O que vestimos muda quem somos?

Texto de Sofia Teixeira

Na parede da Queen’s House, em Greenwich, Londres, está exposta uma das três versões que chegaram aos nossos dias dos painéis “The Armada Portrait”, onde se vê a rainha Isabel I de Inglaterra sobre um fundo que representa a derrota da Armada Espanhola, em 1588. A monarca usa um vestido estruturado de mangas de balão coberto por pedras preciosas, um rufo (gola rígida) de proporções extravagantes e várias fiadas de pérolas. Tudo nela é uma personificação do poder.

O modo consciente como monarcas, de Isabel I a Luís XIV de França, compreenderam o poder da moda para construir e projetar uma imagem de força e domínio político não são apenas paradigmáticos. “São possivelmente os mais expressivos exemplos históricos da construção de ‘dramatis personae’, personagens trabalhadas estrategicamente de modo a produzir a impressão e influência desejadas”, defende Catarina Moura, professora de Moda na Sociedade Contemporânea, entre outras disciplinas, na Universidade da Beira Interior (UBI).

“nada que se relacione tanto com a construção da identidade deve ser classificado como superficial. A moda pode ser uma forma de empoderamento individual”

Ou seja: há séculos que se sabe intuitivamente que o que vestimos causa uma impressão nos outros que lhes condiciona o comportamento. E, nas últimas décadas, têm sido vários os estudos que o mostram: o tipo de roupa usado pelos estudantes influencia a avaliação dos professores sobre as suas capacidades académicas, os professores que recorrem a roupas formais são vistos como mais inteligentes, as mulheres que trajam de maneira masculina durante uma entrevista de recrutamento têm mais possibilidade de ser contratadas, os vendedores que se vestem bem estimulam as intenções de compra nos potenciais clientes.

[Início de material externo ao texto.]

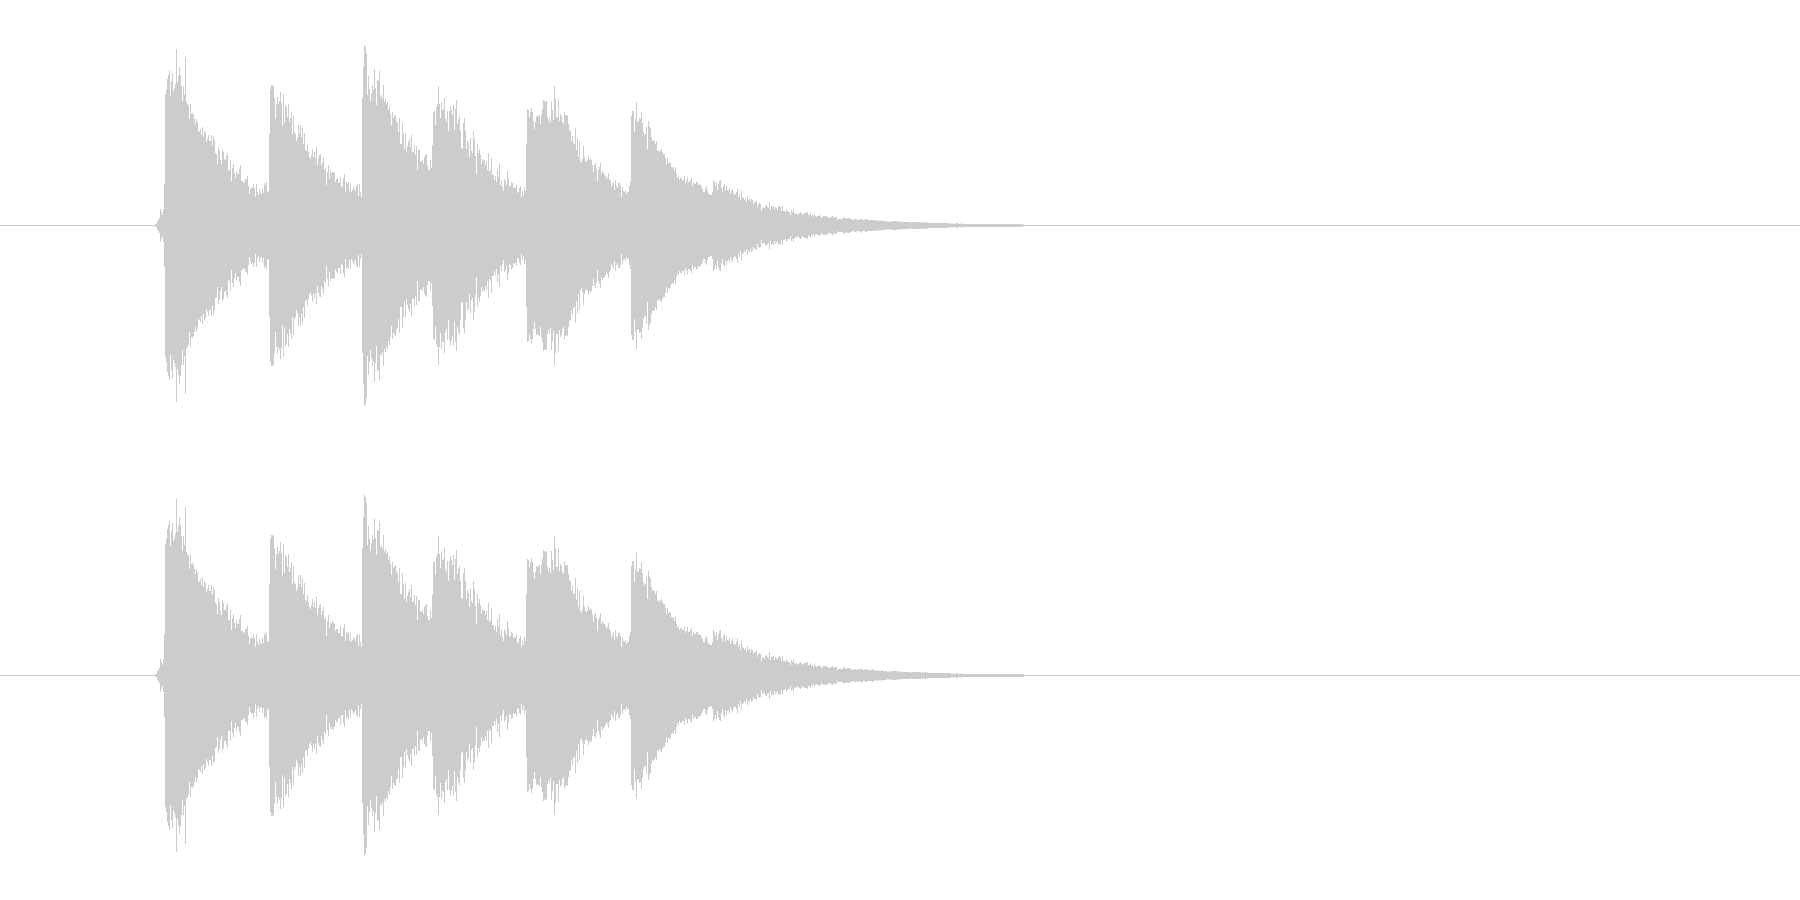 連続ヒットする攻撃音です。の未再生の波形

Mas, antes da impressão que causa nos outros, a roupa serve um propósito mais estrutural: mostra a nossa identidade. Por isso é um mistério que seja tantas vezes considerada uma preocupação com má fama. Para Catarina Moura, a explicação é simples: vivemos numa sociedade que confunde “superfície” com “superficial”, que são, na verdade, duas noções distintas. “Como a moda trata da aparência – logo, da superfície – a tendência é atribuir-lhe as características que, por norma, se atribuem à superficialidade, classificando-a de fútil, frívola, supérflua ou inútil”, assinala. “Mas essa ‘aparência’ prende-se, em grande medida, com a nossa identidade. E nada que se relacione tão profundamente com a construção da nossa identidade, tanto individual como coletiva, pode ou deve ser classificado como superficial. A moda pode ser uma forma de empoderamento individual.”

Do que sentem os outros ao que sentimos nós

Qualquer ator sabe que o figurino que usa em palco não tem só o propósito de causar uma impressão no público. A roupa e os acessórios são poderosas ferramentas para o ajudar a encarnar o papel e a personagem. E isso, em certa medida, acontece a toda a gente, não apenas aos atores. “Além da pessoa ser alvo da avaliação e perceção dos outros sobre si mesmo, também se autoavalia com base no que está vestir num determinado momento, principalmente por causa da maneira que as roupas a fazem sentir.

Isto significa que a experiência de usar algo pode influenciar subtilmente as atitudes e o comportamento”, salienta a psicóloga clínica Daniela Esteves. E exemplifica: “As roupas de estilo executivo, mais formais, devido ao simbolismo de poder, fazem com que a pessoa se sinta mais confiante, podem estimular o pensamento abstrato e a capacidade de negociação.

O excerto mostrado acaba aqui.